There was an orderliness in nature that Cullasso seemed to perceive. Traits that various animals and plants had didn’t seem to be entirely random, in his mind. Oh, they weren’t similar enough to substitute anatomic study of the apes in the far southerly reaches of Middle Earth for those of humans, which was why he still maintained his membership in the guild of anatomists and surgeons – and that guild membership was largely why he’d agreed to come on this journey in the first place. He needed the money.
Guild membership had a price, and not simply the price of occasionally being called upon to serve as an executioner. Cullasso didn’t actually mind the non-public executions – there was a great deal to be learned from studying a human body while it was still alive, grisly as it might seem to others.
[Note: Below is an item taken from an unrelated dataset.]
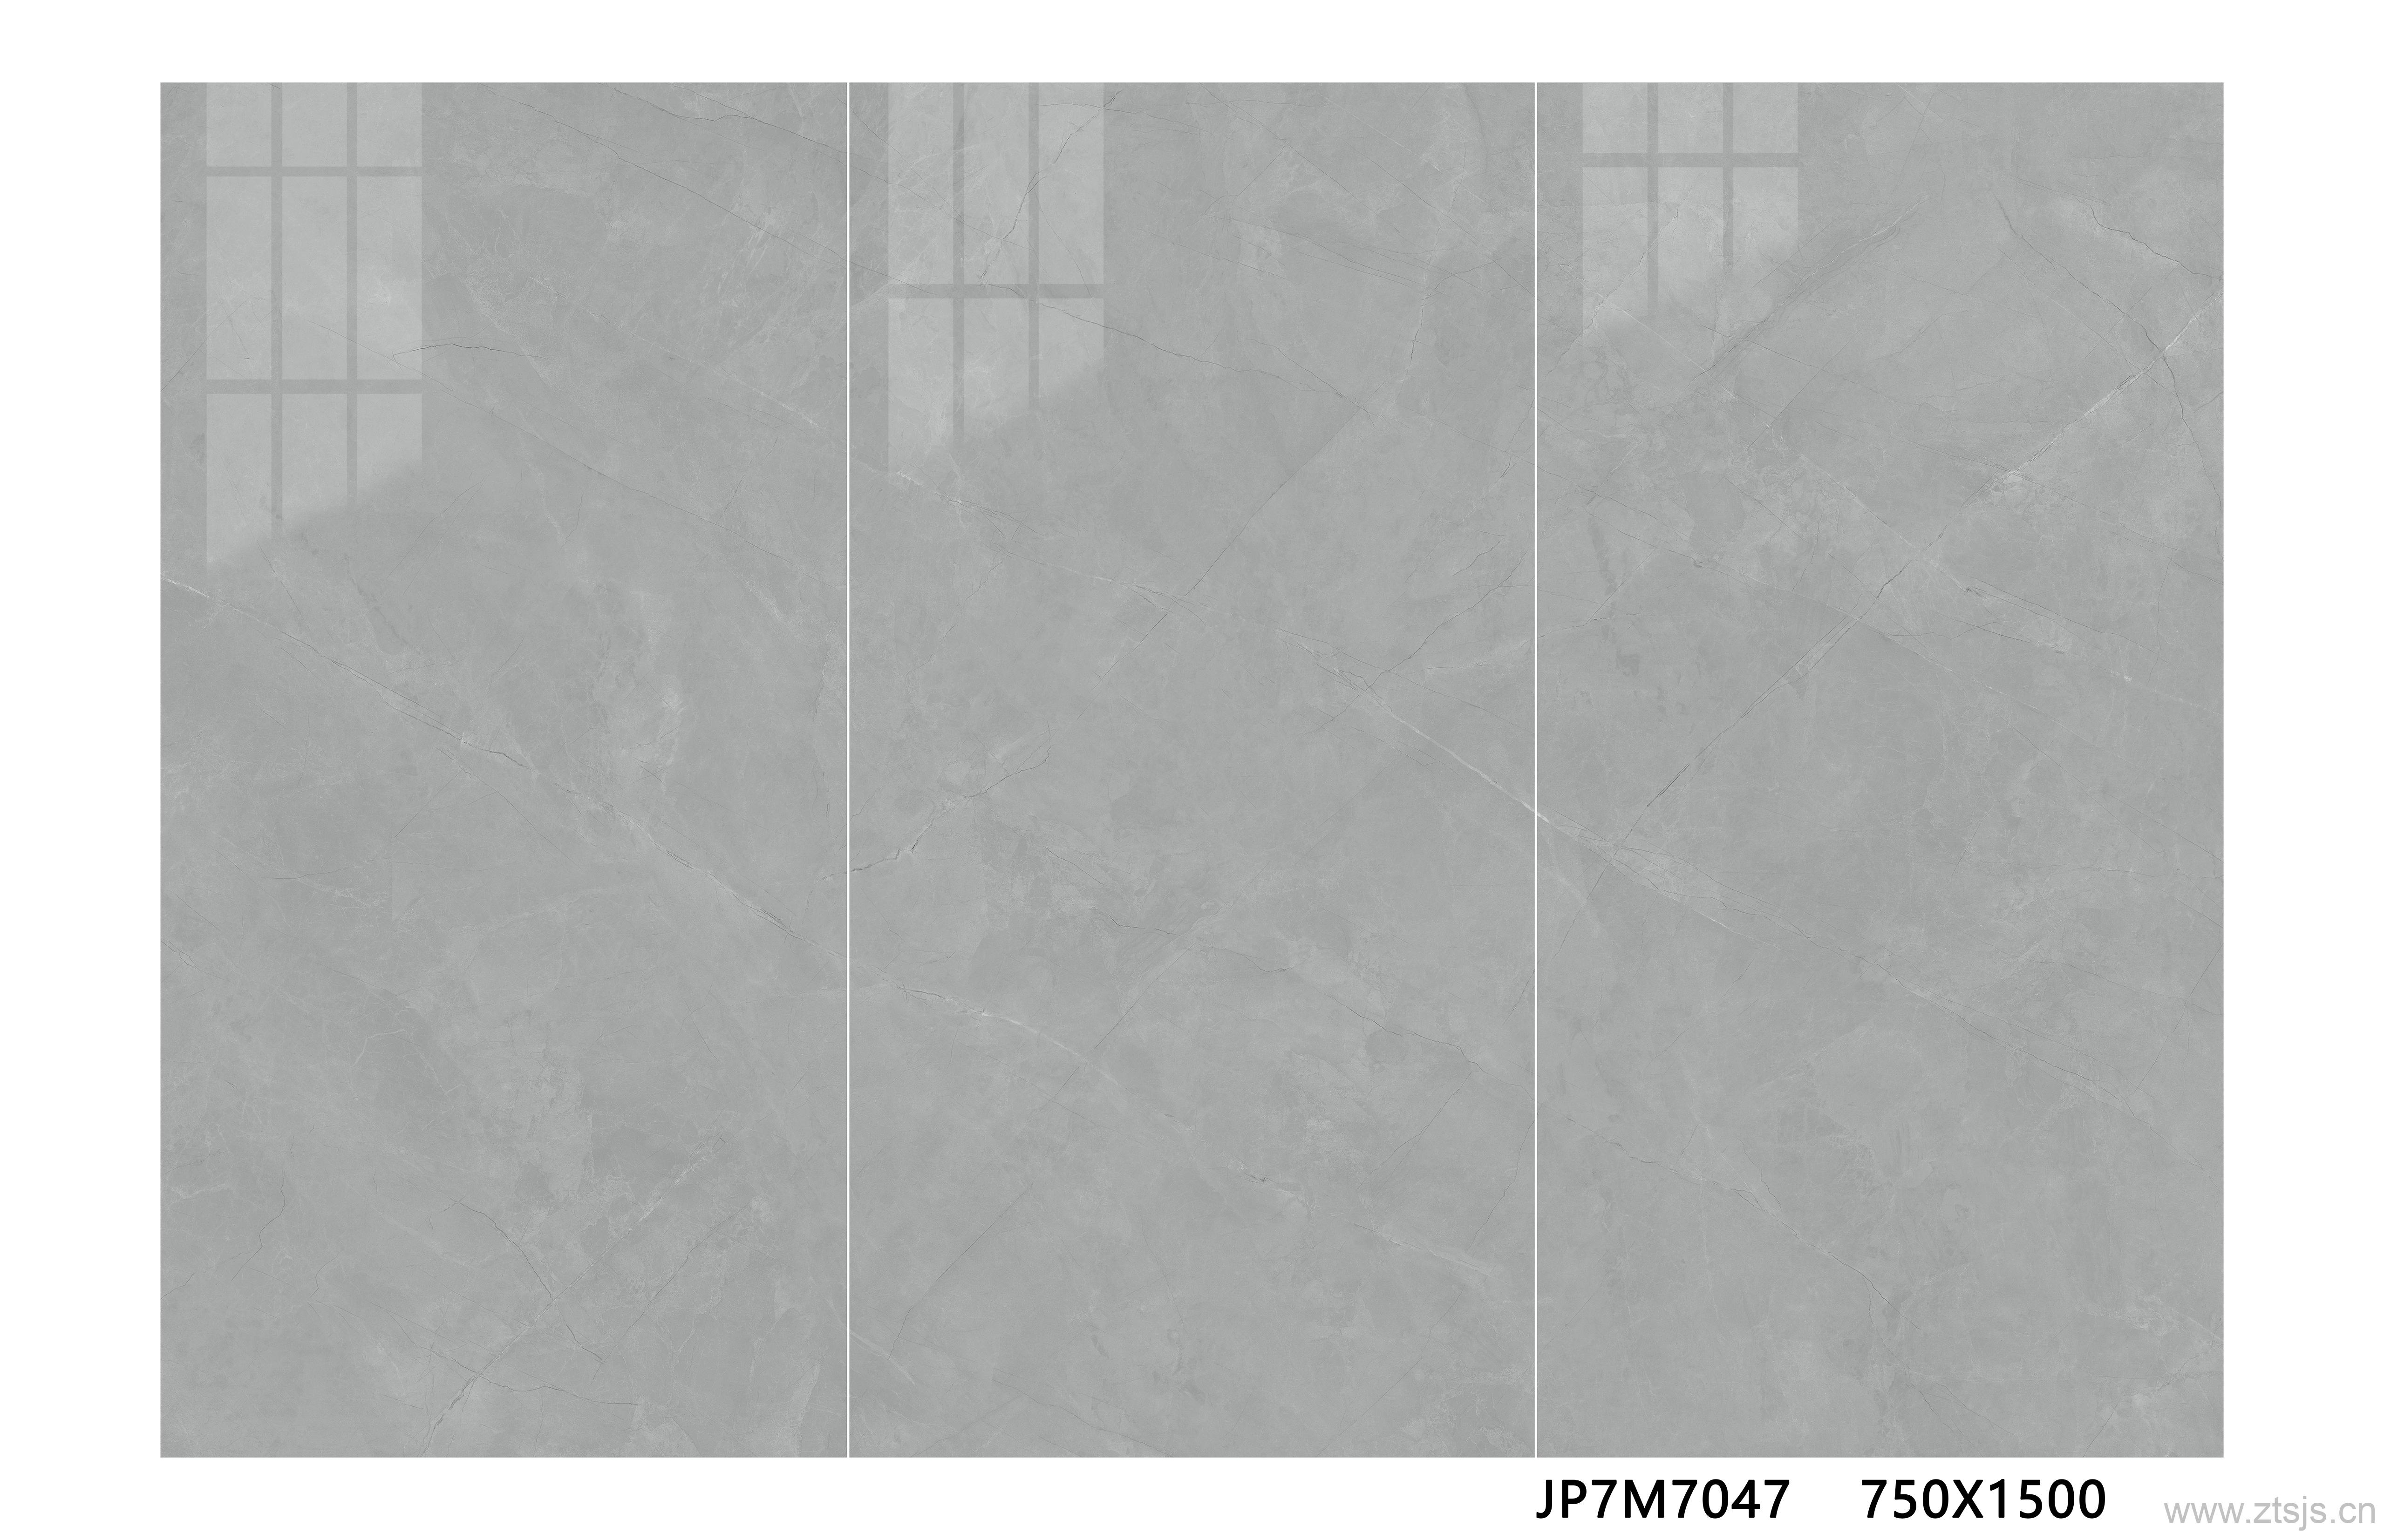 JP7M7047插图JP7M7047大理石系列、素色水泥灰、高清大板系列、高清大板系列智陶设计-喷墨文件-陶瓷喷墨-瓷砖生产文件-喷墨打印素材-背景墙素材-家装素材

There was also the price of having a family. Nistaurnë was lovely, from the intelligent flash in her eyes to the point of her chin to the cleverness of her hands as she worked at the loom or in the kitchen – but they already had three children and she’d just quickened with a fourth before Hendinaer came to Cullasso with this proposition, and offered to pay him in full, in advance, if he came on this journey. Cullasso had needed the money badly enough that he hadn’t really thought about the fact that if Hendinaer was offering payment in advance, it might just mean that he wasn’t certain about returning from this voyage.
Two and a half damned years. He wondered in odd moments if Nistaurë had carried this child to term or not, if it had been a son or a daughter – and he sometimes wondered if she’d like that stretch of land on the Bay of Belfalas better than she liked Armenelos. She’d been miserable the first few years that they’d lived there. She’d loved the sandy stretches in Hyarrostar so much, and when Cullasso had made the decision to uproot them and move to Armenelos, she hadn’t been happy with him at all.
I could live there. I could live there, perhaps offer my services to any other people who choose to live there, roam the hills and forests and make notes about the world around me, and Nistaurë could go back to fishing and crabbing and selling her catch, he thought.
It could be a happier life for both of them. He might talk to her about it if they ever returned…
His thoughts were interrupted by the door to his cramped quarters being thrown open with a bang by an excited-appearing Captain Hendinaer. “Care to explore a bit, Copper?” he asked.
That particular nickname still stung just a bit – he’d earned it on his first voyage because he had copper-colored hair but he’d turned positively green when he’d experienced his first storm at sea – just as copper turned green when exposed to sea air for too long. “I’ll just collect my sketchbook, Captain,” Cullasso said, unfolding himself from his tiny bunk.
“You’re on your fourth or fifth now, aren’t you?” Hendinaer asked. “When we get back to Númenor, you and I should sit down and go through your books. We’ve seen some damned unusual creatures.”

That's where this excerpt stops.